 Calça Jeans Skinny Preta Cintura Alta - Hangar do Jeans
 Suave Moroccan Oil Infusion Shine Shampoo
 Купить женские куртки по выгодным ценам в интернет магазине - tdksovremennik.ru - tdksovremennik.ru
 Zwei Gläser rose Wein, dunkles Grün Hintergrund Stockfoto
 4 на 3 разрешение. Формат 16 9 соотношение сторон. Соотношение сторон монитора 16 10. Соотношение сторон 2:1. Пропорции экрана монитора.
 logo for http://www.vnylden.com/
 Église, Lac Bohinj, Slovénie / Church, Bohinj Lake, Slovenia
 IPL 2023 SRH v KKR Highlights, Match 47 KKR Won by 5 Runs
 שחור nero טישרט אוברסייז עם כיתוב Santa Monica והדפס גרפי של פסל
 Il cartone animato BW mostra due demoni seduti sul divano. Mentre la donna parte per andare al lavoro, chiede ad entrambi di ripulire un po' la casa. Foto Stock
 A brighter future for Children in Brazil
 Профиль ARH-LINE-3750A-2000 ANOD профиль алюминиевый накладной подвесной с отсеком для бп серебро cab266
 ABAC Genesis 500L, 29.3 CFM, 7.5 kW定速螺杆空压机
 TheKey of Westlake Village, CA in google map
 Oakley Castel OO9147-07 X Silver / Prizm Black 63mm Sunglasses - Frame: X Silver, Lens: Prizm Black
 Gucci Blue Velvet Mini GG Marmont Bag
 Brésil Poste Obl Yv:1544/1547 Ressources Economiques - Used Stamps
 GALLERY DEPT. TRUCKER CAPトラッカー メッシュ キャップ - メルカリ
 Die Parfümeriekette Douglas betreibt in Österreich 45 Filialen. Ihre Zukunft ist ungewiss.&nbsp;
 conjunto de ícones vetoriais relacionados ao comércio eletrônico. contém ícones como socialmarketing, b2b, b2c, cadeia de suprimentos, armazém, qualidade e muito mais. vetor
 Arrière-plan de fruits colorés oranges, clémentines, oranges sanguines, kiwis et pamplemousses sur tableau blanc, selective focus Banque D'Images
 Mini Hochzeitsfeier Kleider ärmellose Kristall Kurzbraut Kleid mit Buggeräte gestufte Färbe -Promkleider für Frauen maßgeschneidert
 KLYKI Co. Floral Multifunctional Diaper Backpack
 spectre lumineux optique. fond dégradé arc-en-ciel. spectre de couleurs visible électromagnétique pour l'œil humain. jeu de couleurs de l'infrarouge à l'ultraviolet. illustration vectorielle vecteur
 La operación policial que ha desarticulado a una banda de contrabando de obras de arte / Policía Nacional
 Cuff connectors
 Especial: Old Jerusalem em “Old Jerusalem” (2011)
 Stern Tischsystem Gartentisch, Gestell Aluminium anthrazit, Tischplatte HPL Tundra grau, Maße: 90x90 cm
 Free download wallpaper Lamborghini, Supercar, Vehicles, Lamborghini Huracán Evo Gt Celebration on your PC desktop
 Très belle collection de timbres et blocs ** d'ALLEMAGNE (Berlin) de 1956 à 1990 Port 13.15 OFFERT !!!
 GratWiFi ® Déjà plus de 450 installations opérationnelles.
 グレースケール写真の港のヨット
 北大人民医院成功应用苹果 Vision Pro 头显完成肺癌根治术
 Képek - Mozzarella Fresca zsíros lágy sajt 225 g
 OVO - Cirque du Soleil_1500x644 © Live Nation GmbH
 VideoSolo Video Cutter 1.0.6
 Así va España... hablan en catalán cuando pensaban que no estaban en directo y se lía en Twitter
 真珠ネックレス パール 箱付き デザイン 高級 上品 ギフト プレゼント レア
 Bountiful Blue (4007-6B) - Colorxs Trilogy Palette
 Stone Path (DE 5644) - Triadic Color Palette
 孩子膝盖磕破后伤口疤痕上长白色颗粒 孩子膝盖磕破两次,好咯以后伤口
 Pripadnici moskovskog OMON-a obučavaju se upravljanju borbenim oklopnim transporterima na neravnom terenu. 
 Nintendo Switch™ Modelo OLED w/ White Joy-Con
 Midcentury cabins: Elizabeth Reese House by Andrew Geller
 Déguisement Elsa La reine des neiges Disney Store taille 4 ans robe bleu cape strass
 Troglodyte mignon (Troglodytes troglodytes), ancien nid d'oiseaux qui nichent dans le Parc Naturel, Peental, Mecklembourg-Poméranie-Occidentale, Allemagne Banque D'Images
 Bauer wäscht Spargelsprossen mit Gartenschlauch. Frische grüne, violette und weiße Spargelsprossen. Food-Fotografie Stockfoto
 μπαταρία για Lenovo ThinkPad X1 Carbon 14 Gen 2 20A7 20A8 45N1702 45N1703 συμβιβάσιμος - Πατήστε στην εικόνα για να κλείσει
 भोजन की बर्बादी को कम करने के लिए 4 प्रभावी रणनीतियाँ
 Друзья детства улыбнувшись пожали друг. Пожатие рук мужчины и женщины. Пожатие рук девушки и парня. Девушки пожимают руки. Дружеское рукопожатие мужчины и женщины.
##########
### Work order
In the entries above, restate word for word the lines between the one holding "שחור nero טישרט" and the one holding "Профиль ARH-LINE-3750A-2000 ANOD", inclusive, and nothing besides.

### Completed task
 שחור nero טישרט אוברסייז עם כיתוב Santa Monica והדפס גרפי של פסל
 Il cartone animato BW mostra due demoni seduti sul divano. Mentre la donna parte per andare al lavoro, chiede ad entrambi di ripulire un po' la casa. Foto Stock
 A brighter future for Children in Brazil
 Профиль ARH-LINE-3750A-2000 ANOD профиль алюминиевый накладной подвесной с отсеком для бп серебро cab266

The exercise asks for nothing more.